Sunday, 25 January 2026

Another Route to Return

 




Sometimes I go back, return just before dawn

to those narrow lanes we’ve long left behind,

those ancient town gates, rough-hewn cobblestones,

the modern boulevards, landscaped and tree lined.

 

The sharp edges of stones underneath my sole,

the whispers of water, wind and centuries,

the long stories that shaped them, told and retold,

the smells of growing grass and flowering trees.

 

I don’t know if it’s I who moves through those streets

or it’s the dreams and stories that move through me

like wind and water, milestones beside my knees,

plumes of grasses in autumn, shells from the sea.

 

A recurrent dream that keeps me wide awake,

it moves through me sometimes just before daybreak.



The way things are shaping up this year - I feel like returning instantly, burrowing back to places and times in the past. 

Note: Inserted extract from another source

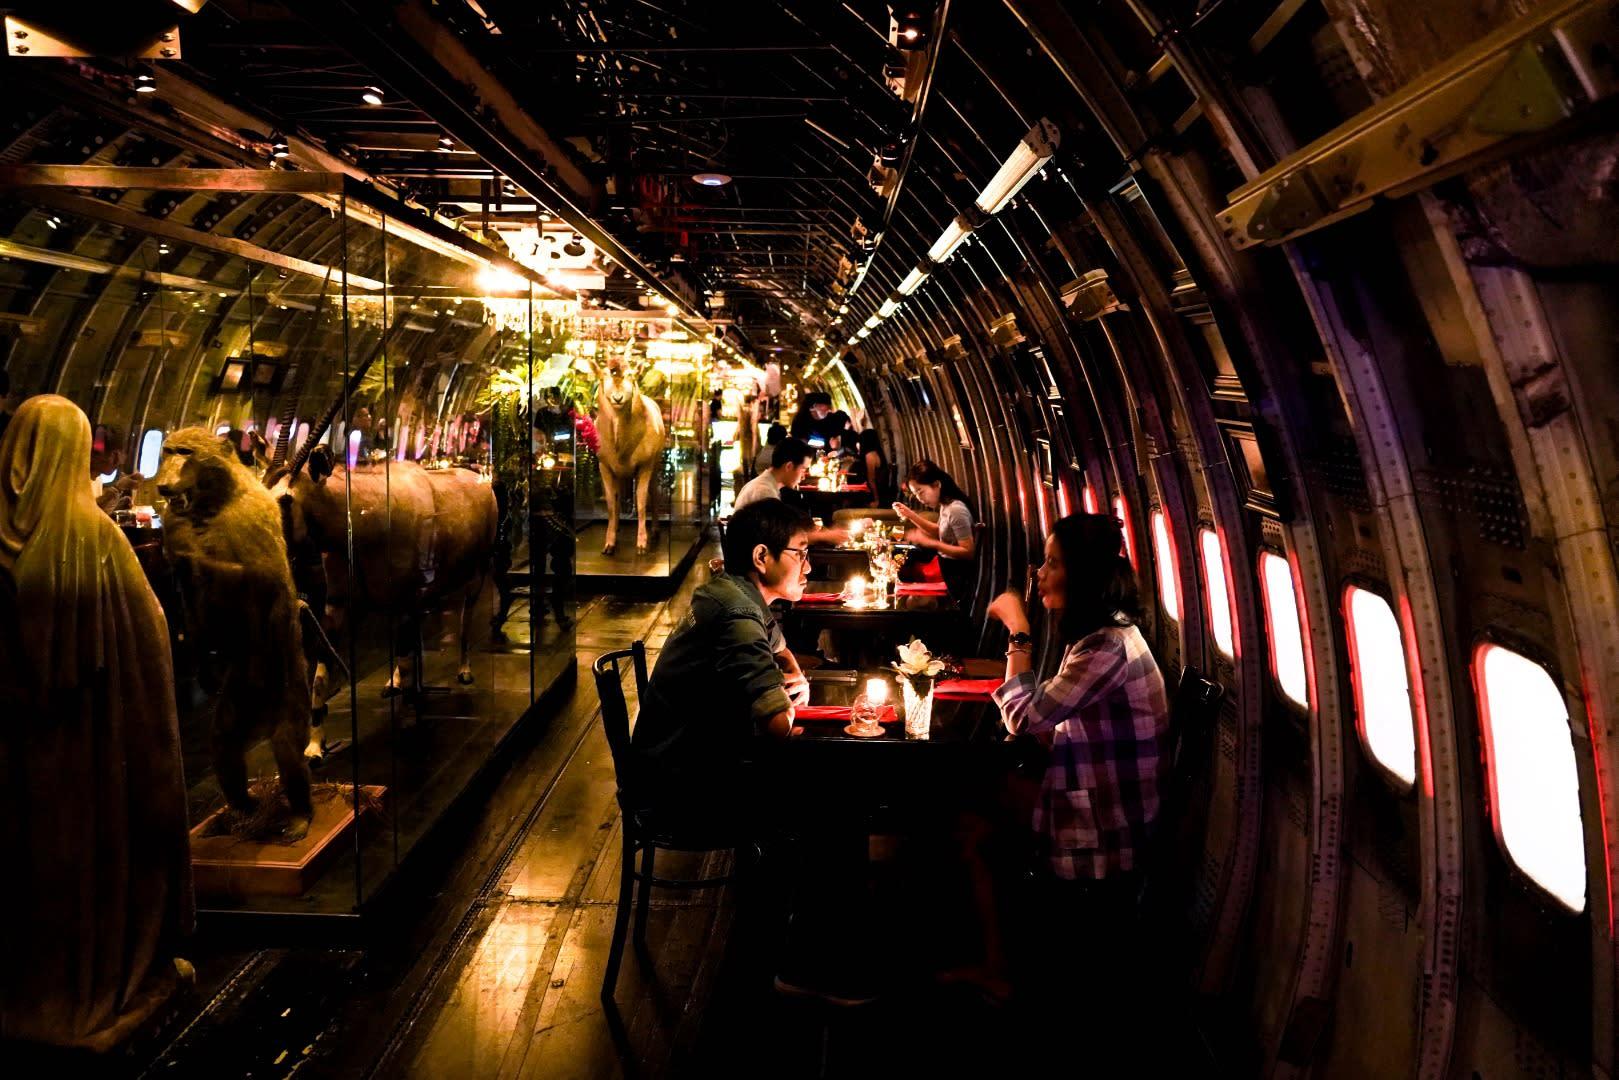 10 Bangkok Nightlife Activities For A Unique After-Dark
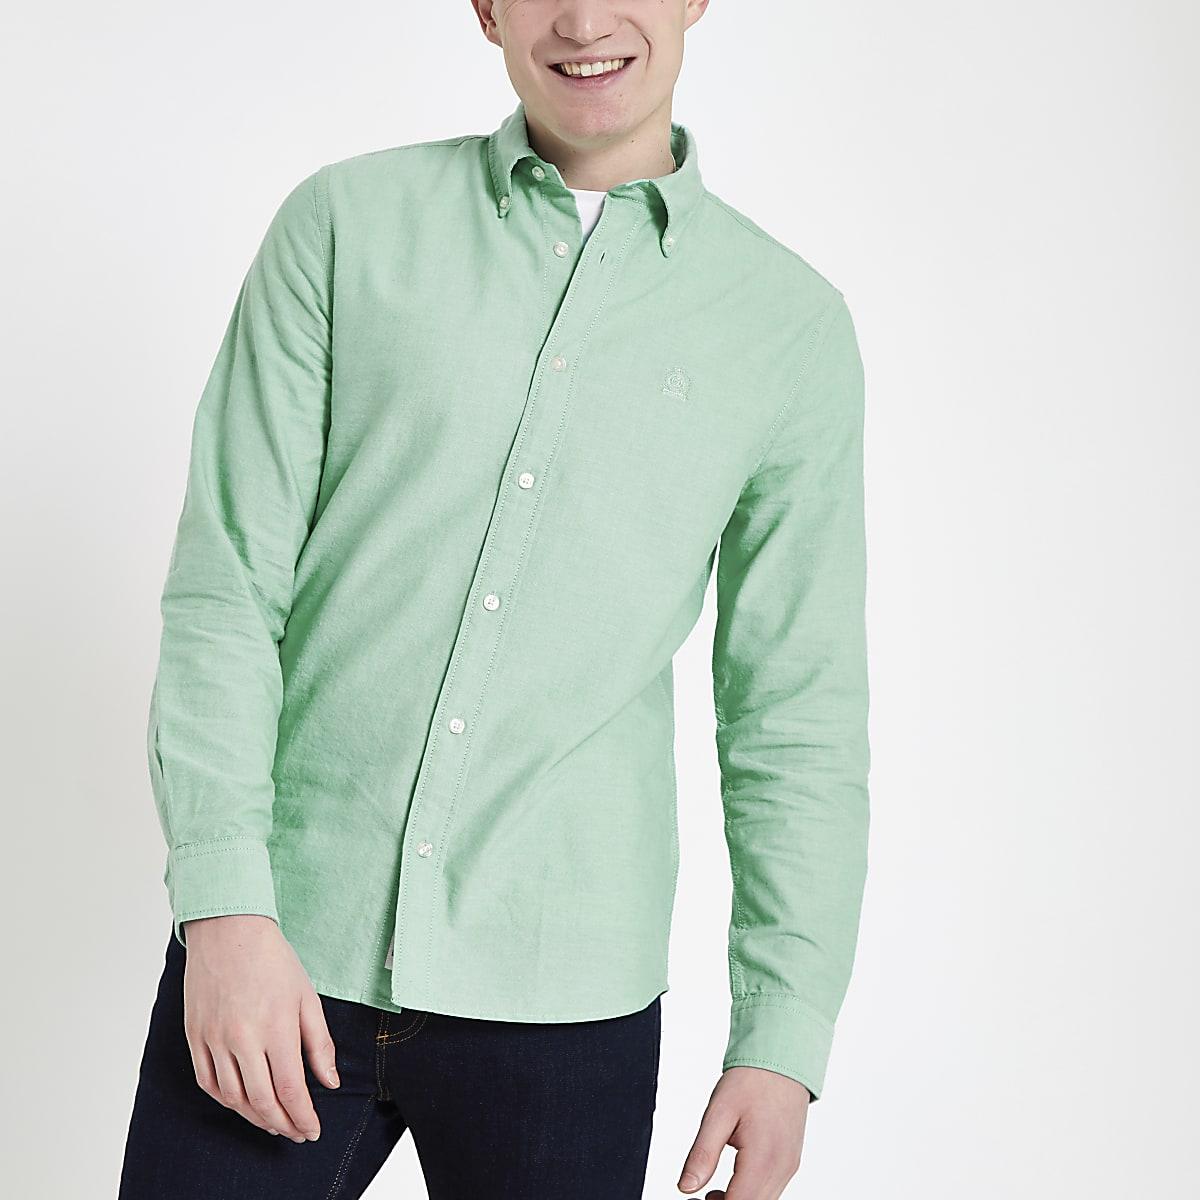 Mintgroen Heren Overhemd.Mintgroen Oxford Overhemd Met Lange Mouwen Overhemden Met Lange

Though I am emphatically not one of those people who automatically view it with good old days type nostalgia. Old is often not gold, far from it. Go back fifty years, only 60% of women were literate. Go back a hundred, tuberculosis was a death knell. Another 25 years, there were no indoor loos for the majority, poor sanitation killed people. Mortality rates among infants and children were unbelievable. No hot water on tap, no gadgets, everything done with huge amounts of elbow grease. Life was hard. 

Yes, the past is great to romanticise and write poems about, but not so great to return to in actual fact. On second thought, I'm good where I am, thank you. :) Still fretting about the weather, both literal and metaphorical and about the roughness all round. But also grateful for a whole heap of things.